Backed by that knowledge, the Tampa Bay iron defence unravelled the juggernaut offences the Raiders kept throwing at them. The Buccaneers managed to sack Gannon five times, leading to 34 points consecutively. Tampa Bay’s Dexter Johnson came to stop Gannon and resulted in two of his interceptions. 

The game ended 48 Buccaneers to 21 Raiders, making it the seventh-largest Super Bowl margin of victory. At the tenth hour, with glory at stake, Rich Gannon and his team could not open up the huge fortress of defence that the Tampa Bay Buccaneers had created at San Diego, California.

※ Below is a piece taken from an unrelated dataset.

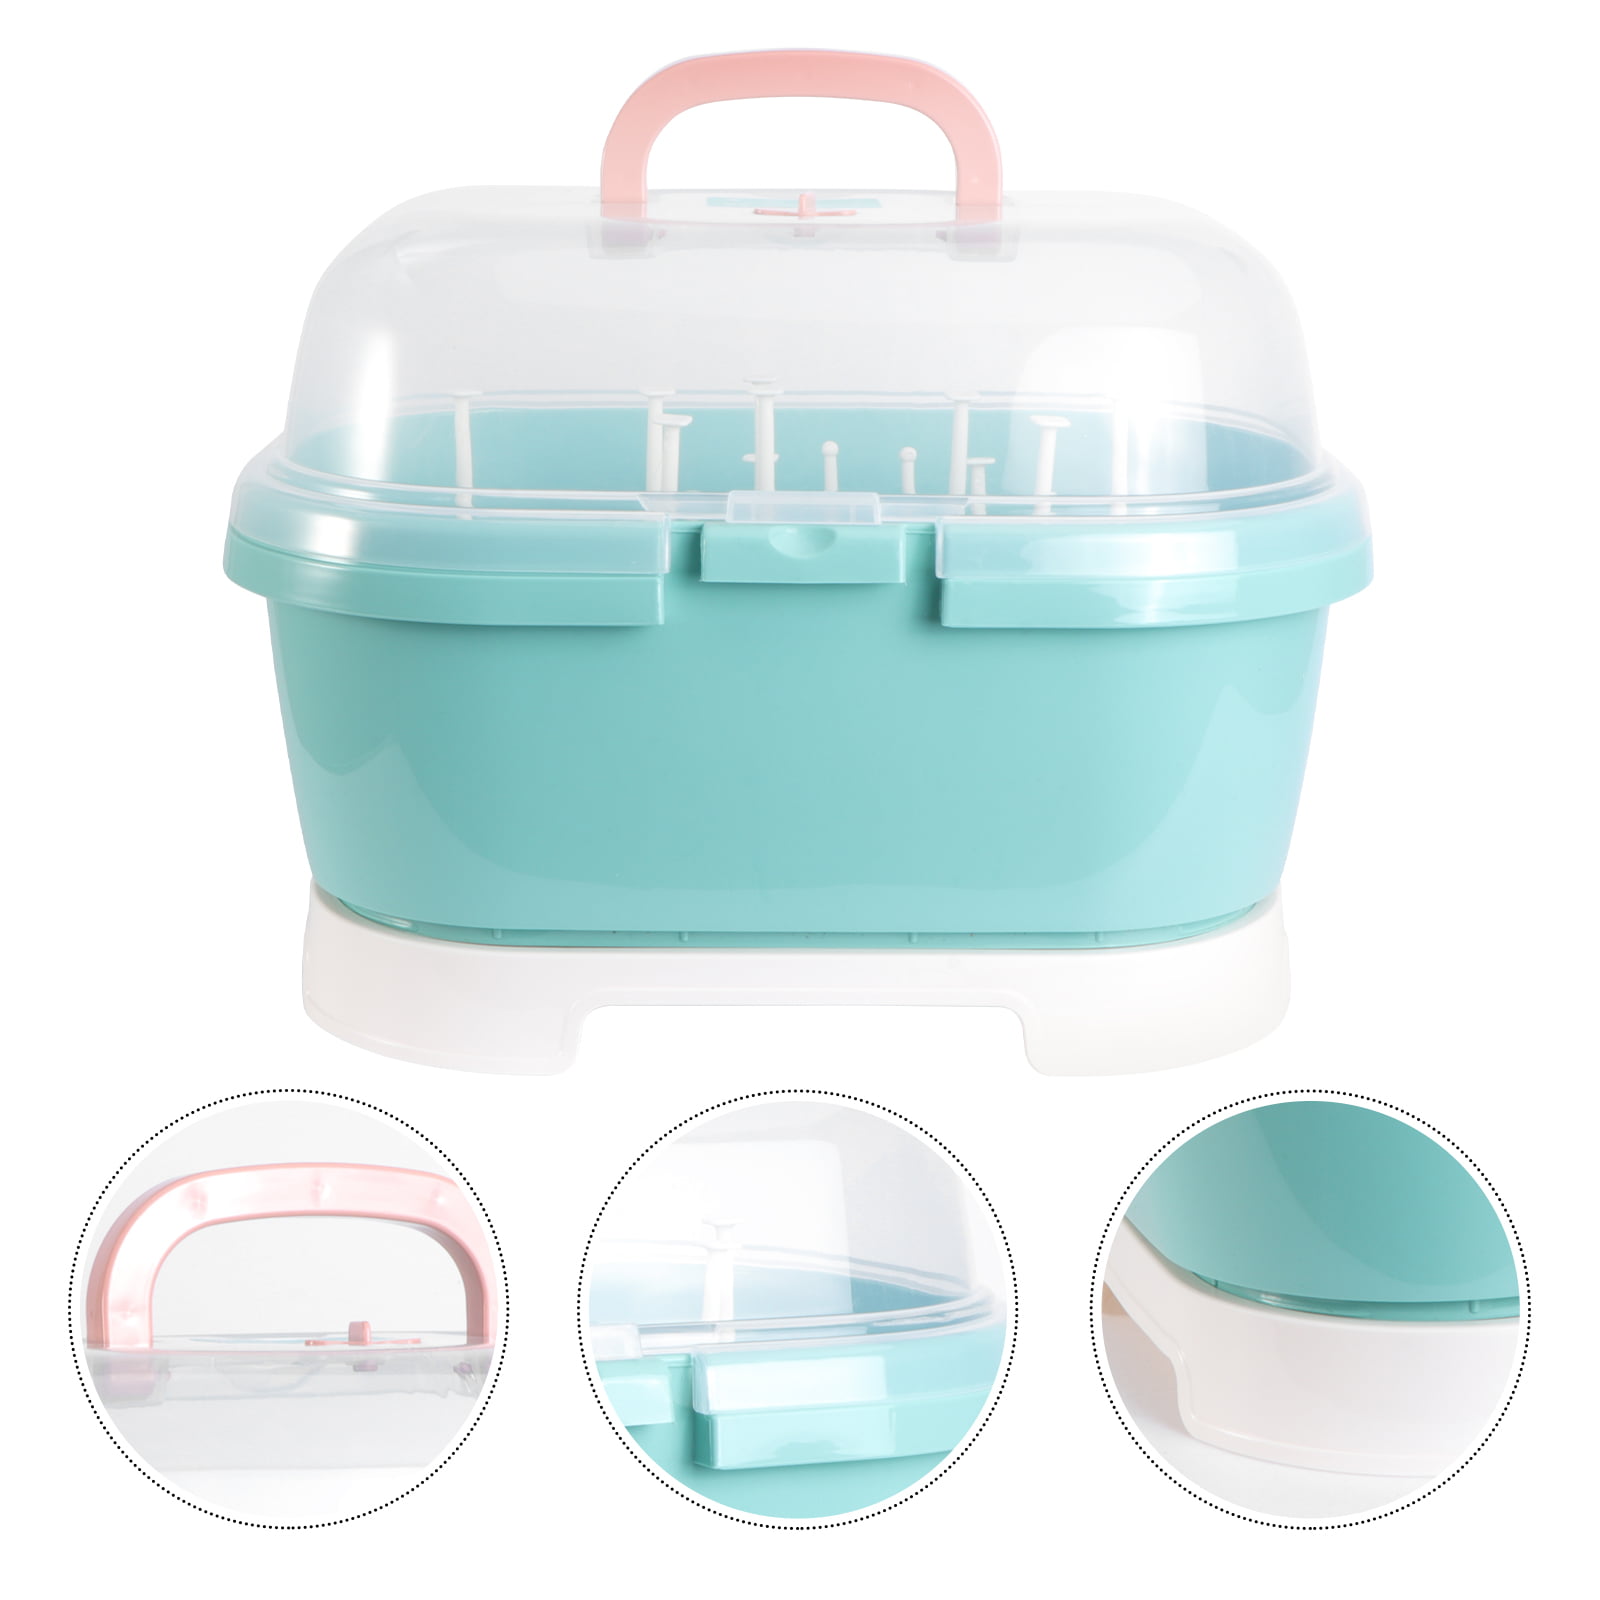 Agyvvt Baby Bottle Drying Rack with Anti-Dust Cover Portable Nursing Bottle  Storage Box Dinnerware Organizer for Home Kitchen Use
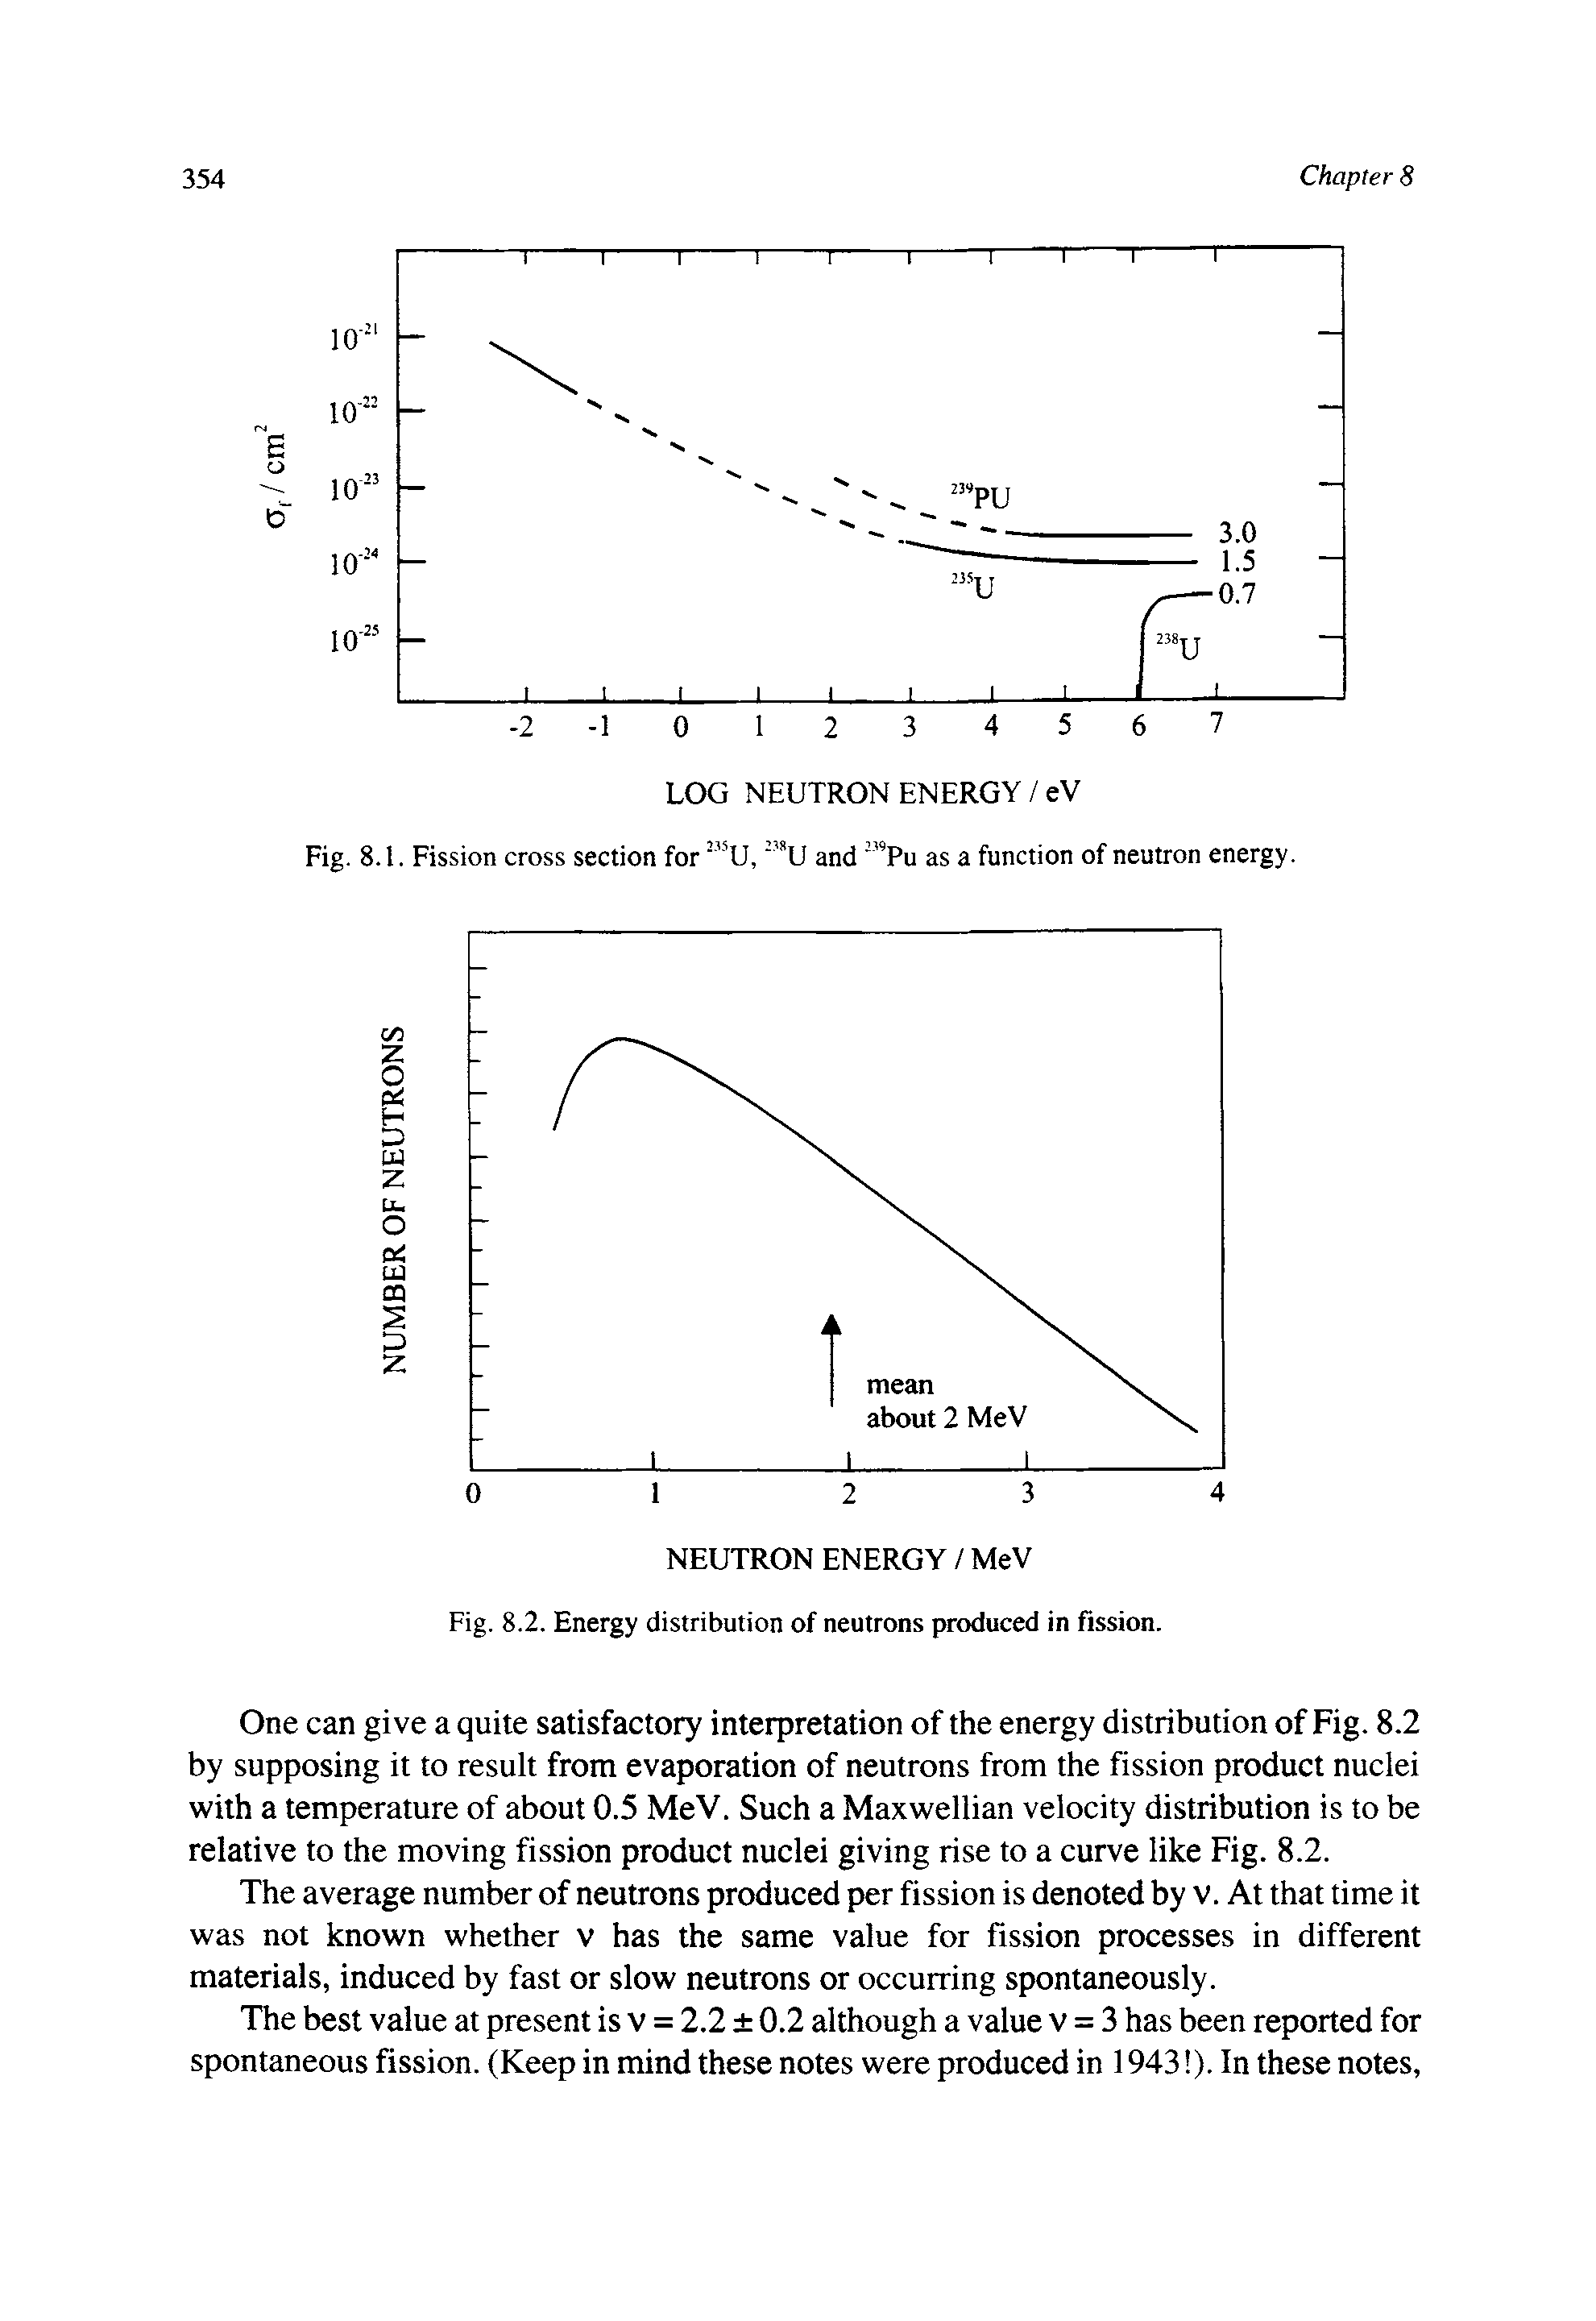 Fig. 8.1. Fission cross section for U, U and Pu as a function of neutron energy.

The aftermath of Gannon’s missed shot

Rich Gannon’s career took a hit after the bittersweet season in 2002. In 2003, Gannon suffered a shoulder injury in week 7, resulting in his season-ending right then and there. In 2004, Raiders got a new coach Norv Turner, who had a very radical playing style. He made a new signing Kerry Collins. 

Given that Collins was fitter than Gannon, many thought that Rich Gannon would lose his starting position in the team. After all, the new coach Norv Turner’s vertical offence looked like it was a better fit for Collins than for Gannon. But Gannon was a master of his trade. He did not just become Turner’s starting quarterback but also revelled in Turner’s vertical offence position. 

2004, Gannon’s farewell to football

The Raiders season-opening match with the Pittsburgh Steelers saw him throw 305 yards with one resulting in a 40-yard touchdown strike to Doug Gabriel. The Raiders had almost won over a strong Steelers team that finished the season with 15 victories. But with a serious neck injury that ended Rich Gannon’s career, the Raiders lost all the fights they had, finishing at 3 victories and 10 losses. Gannon finally retired from football before the 2005 season. 

Back to the present

Rich Gannon was inducted into the University of Delaware Athletics Hall of Fame soon after his retirement on August 6, 2005. Gannon joined CBS television as an NFL analyst after his retirement. Gannon now works as the game analyst for Las Vegas Raiders pre-season games. 

CBS let go of Gannon as an analyst on February 22 in 2021, but he still features in the Monday QB on CBS Sports Network. Gannon and his wife are also the national spokesperson for the Celiac Disease Foundation and are organisers for the Annual Celiac Week at Holy Family Catholic Church School in Minnesota.

Rich Gannon’s story is filled with evidence of how far grit and hard work can take a person. From a ball-playing schoolboy to playing at the Super Bowl, only a few can withstand all the hardships and trials that Gannon had to face. For his accolades and gameplay, Rich Gannon was declared the twenty-eighth greatest quarterback of the modern era by the Football Nation, a title no one shall dispute.